But this year also introduces support for 64-bit EM64T technology, and haven't been formally life as EM64T is IA32E before, this is the Intel Extended Memory 64 Technology name, used to distinguish between x 86 instruction set. Intel's EM64T support 64-bit sub-mode, and AMD x 86-64 technology similar to using a 64-bit linear addressing, join the plane eight new general-purpose registers (GPRs), also adds eight registers support SSE instructions. Similar with AMD, Intel's 64-bit technology will be compatible with the IA32 and IA32E, only if you are running a 64-bit operating system, it will adopt IA32E. IA32E will consist of 2 sub-mode: 64-bit and32-bit sub-mode sub-mode, as with AMD64 is downward compatible. Intel's EM64T is fully compatible with AMD x 86-64 technology. Now Nocona processor has joined a number of 64-bit technology, Intel's Pentium4E processor also supports 64-bit technology.
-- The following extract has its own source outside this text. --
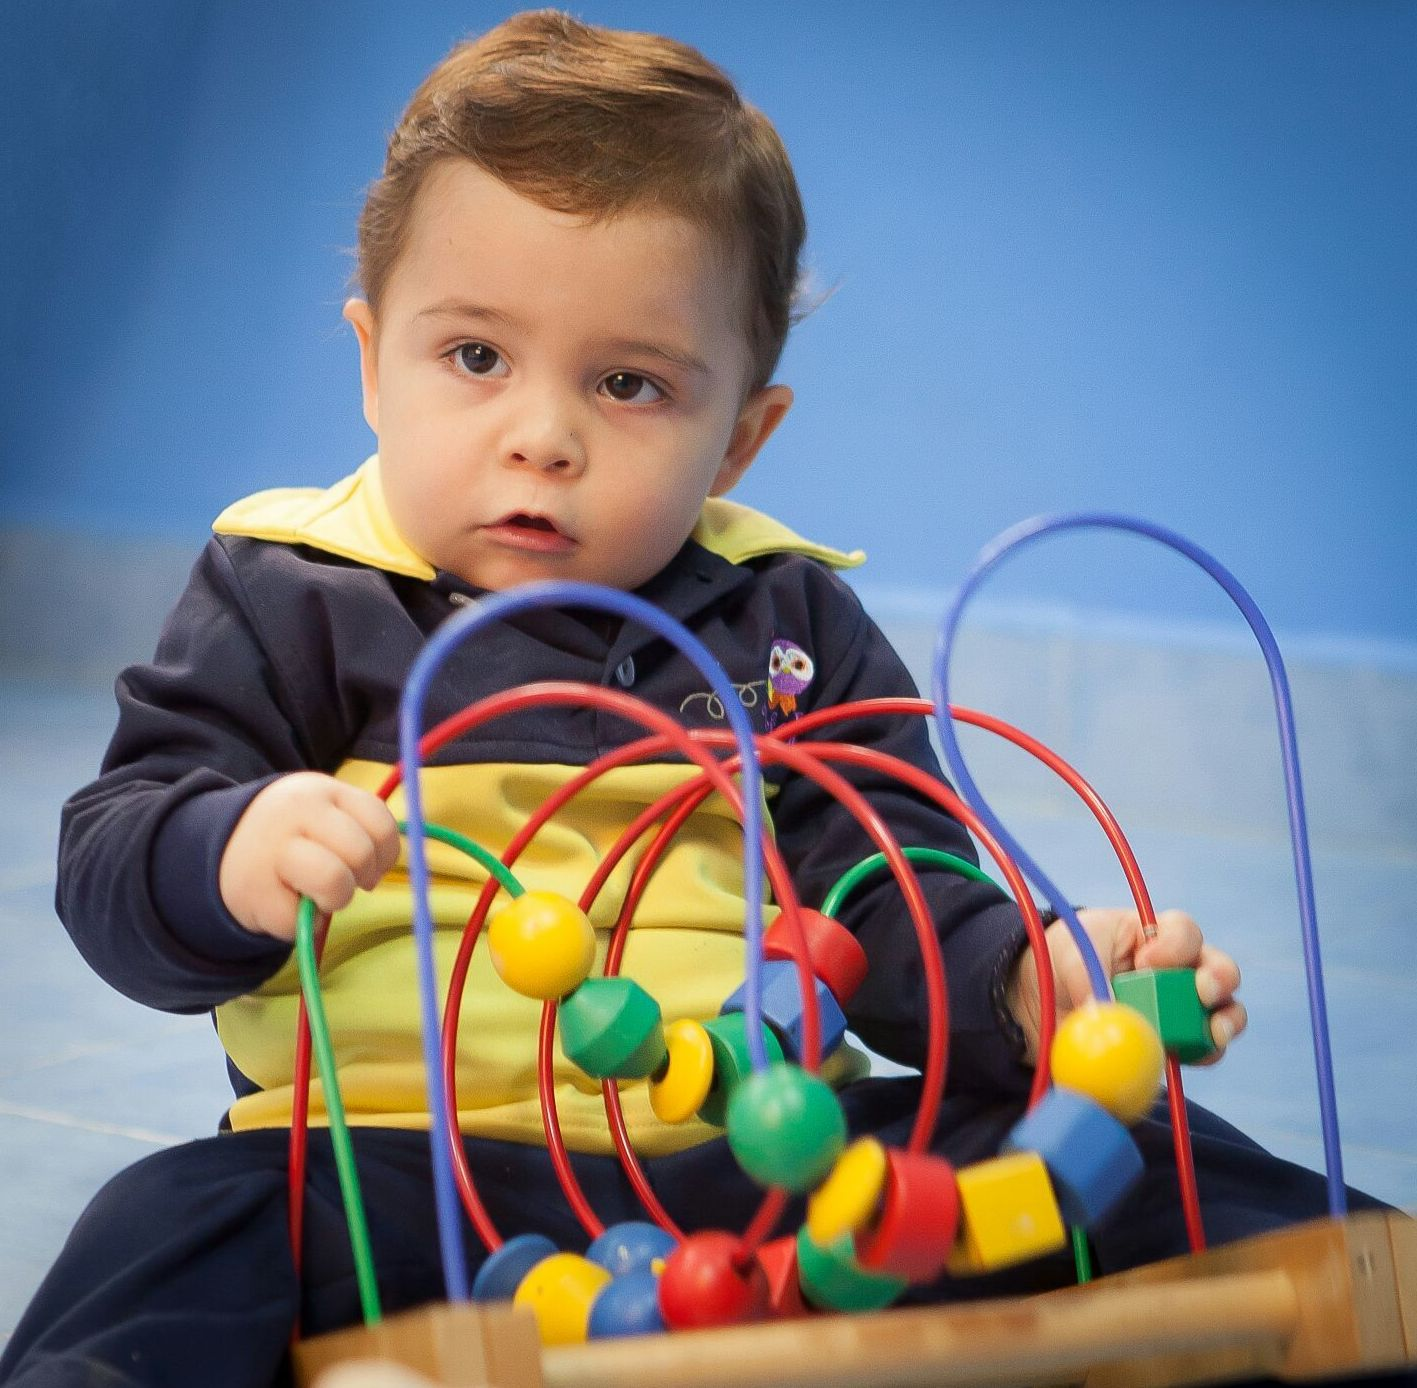 Foto 3 de Escuelas infantiles en Umbrete | Pipiolos Escuela Infantil

It should be said, both of which are compatible with the x 86 instruction set architecture for 64-bit microprocessor, EM64T and AMD64 or there are not the same place, AMD64 processor NX bit in Intel processor is not provided.

11. hyper pipelined and superscalar

In interpreting the hyper pipelined and superscalar pipeline before understanding (pipeline). Line is the first time in Intel 486 chip to start using. Assembly line work as industrial production on the Assembly line. In the CPU from 5-6 different function circuit modules one instruction processing line, and then place an x 86 instruction divided into 5-6-step, then such circuit unit performed separately, so that you can achieve in a CPU clock cycles to complete one instruction, thus increasing the CPU's speed. Classic Pentium each integer lines are divided into four levels of water, i.e. instruction prefetch, decode, execute, write back the result, float flow is divided into eight levels.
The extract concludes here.